Les tribuns n’ont pas de peine à arrêter l’élection d’un candidat qui sollicite de ce ton. Ils le piquent en plein sénat, ils lui reprochent son discours sur le blé. À l’instant, il le répète et l’aggrave. Une fois lâché, ni danger ni prière ne le retient. « Son cœur est dans sa bouche. Il oublie qu’il ait jamais entendu le nom de la mort. » Il invective contre le peuple, contre les tribuns, magistrats de la rue, adulateurs de la canaille. « Assez ! lui crie Ménénius. — Oui, assez et trop ! disent les tribuns. — Trop ! Prenez ceci encore, et que tout ce par quoi on peut jurer, divin ou humain, scelle ce que je vais dire : Abolissez cette magistrature ; arrachez cette langue de la multitude. Qu’ils ne lèchent plus le miel qui est leur poison.
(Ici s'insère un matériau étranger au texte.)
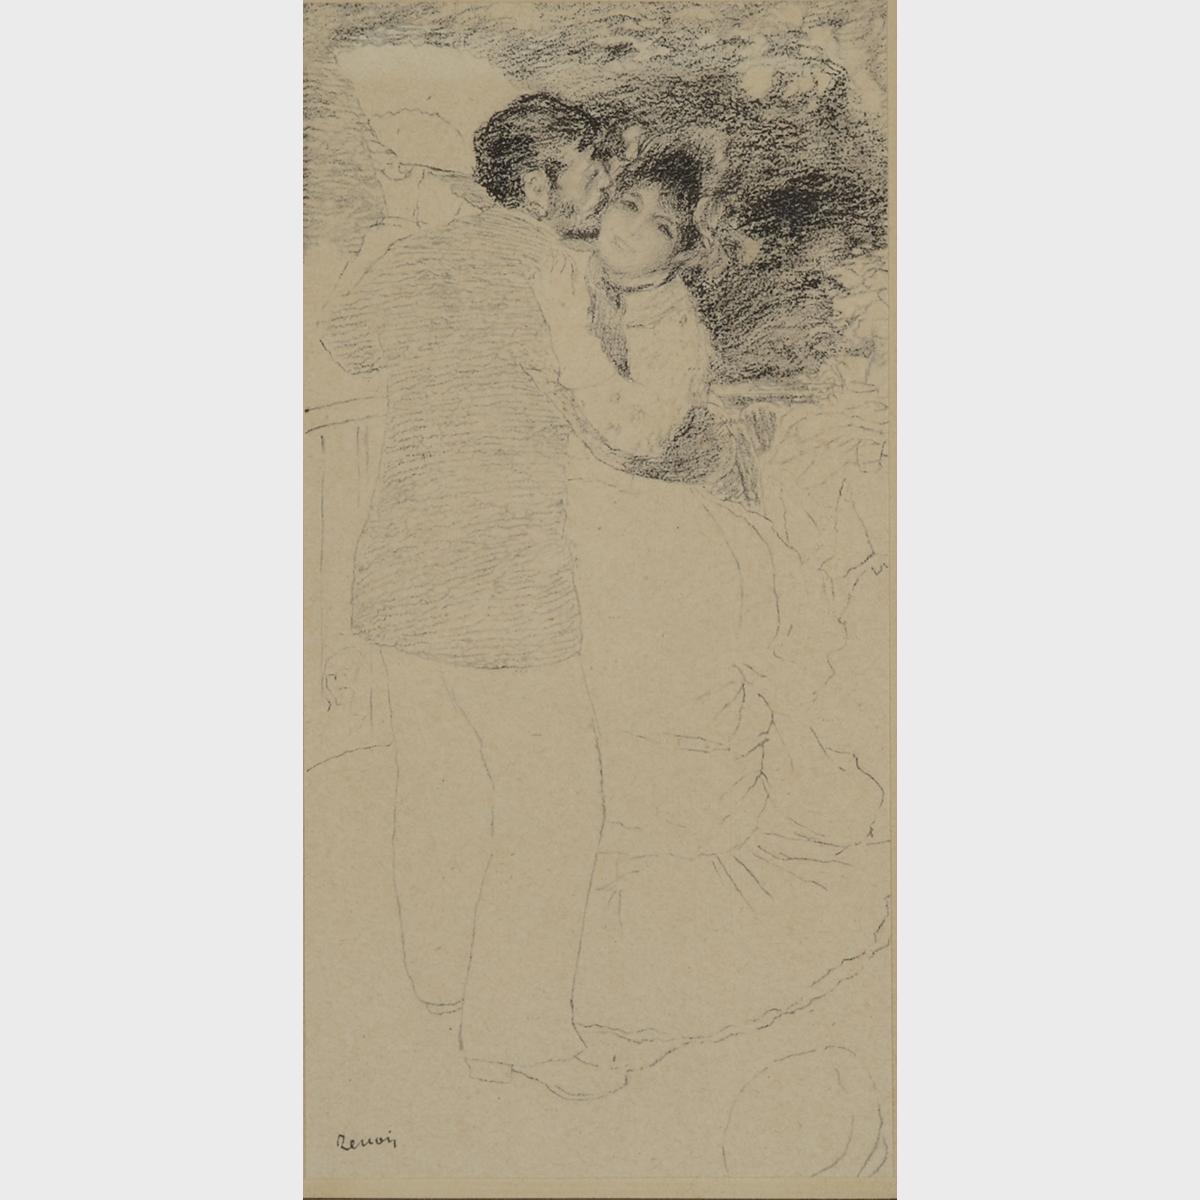 After Pierre-Auguste Renoir (1841-1919)

Jetez leur pouvoir dans la poussière. » Le tribun crie trahison et veut le saisir.


… Hors d’ici, vieille chèvre ! — hors d’ici, pourriture ! ou je te secoue — à faire sortir tes os de ton vêtement.


Il le bat, et chasse le peuple de l’enceinte ; il se croit parmi les Volsques. « Sur un bon terrain, j’en mettrais quarante à bas. » Et quand on l’emmène, il menace encore, et « parle du peuple comme s’il était un dieu choisi pour punir, non un homme mortel comme eux. »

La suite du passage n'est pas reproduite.